As indicated earlier, studies by others (Witzke, 1990; Golanka et al., 1994; Scotese, 1999) place the Kansas study area during Early-Middle Mississippian time in a tropical/subtropical location, at about 20° S latitude and drifting north during the Carboniferous. In this setting shallow-water carbonates dominated by photozoans might be expected. In addition Gammon et al. (2000) point out that siliceous spiculites do not occur on the inner portions of shelves in subtropical and tropical environments under typical conditions. Therefore, the dominance of shallow-water biosiliceous (sponge spicule) and heterozoan carbonates in this setting in Kansas and throughout similar settings in North America during the Early-Middle Mississippian (examples discussed above) requires elevated nutrient and dissolved silica supplies that prevented the development of photozoans and promoted the development of heterozoan and siliceous sponges (James, 1997).

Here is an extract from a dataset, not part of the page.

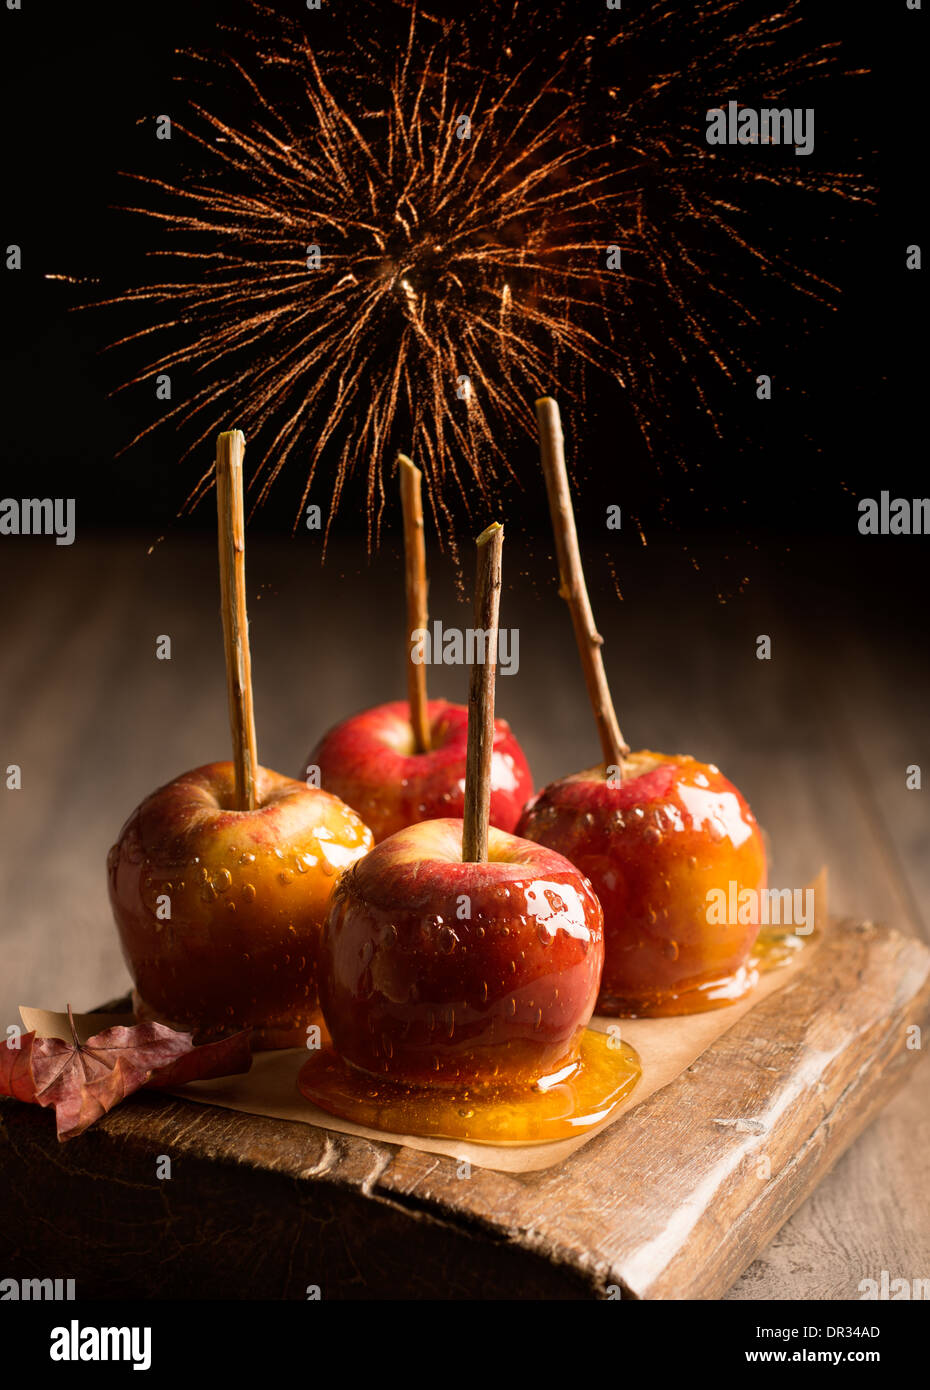 Grupo de manzanas de toffee en placa de madera rústica con fuegos artificiales en el fondo Foto de stock

Elevated nutrient and dissolved silica supplies could originate from terrestrial or oceanic sources. Some studies have emphasized fluvial and ground-water sources for elevated nutrients and dissolved silica with a link to humid climate for promoting biosiliceous and heterozoan carbonate facies development in mid-latitude, shallow water (inshore) environments (e.g. Gammon et al., 2000; James and Bone, 2000; Lane, 1981; Cavaroc and Ferm, 1968; Carlson, 1994). Upwelling is another mechanism that delivers nutrient- and silica-rich cool oceanic water to shelf margins. As discussed below, a number of studies interpret upwelling as an active process that was responsible for creating the widespread development of siliceous deposits during Early-Middle Mississippian time on margins of much of the North American carbonate shelf, including the current-day Kansas region.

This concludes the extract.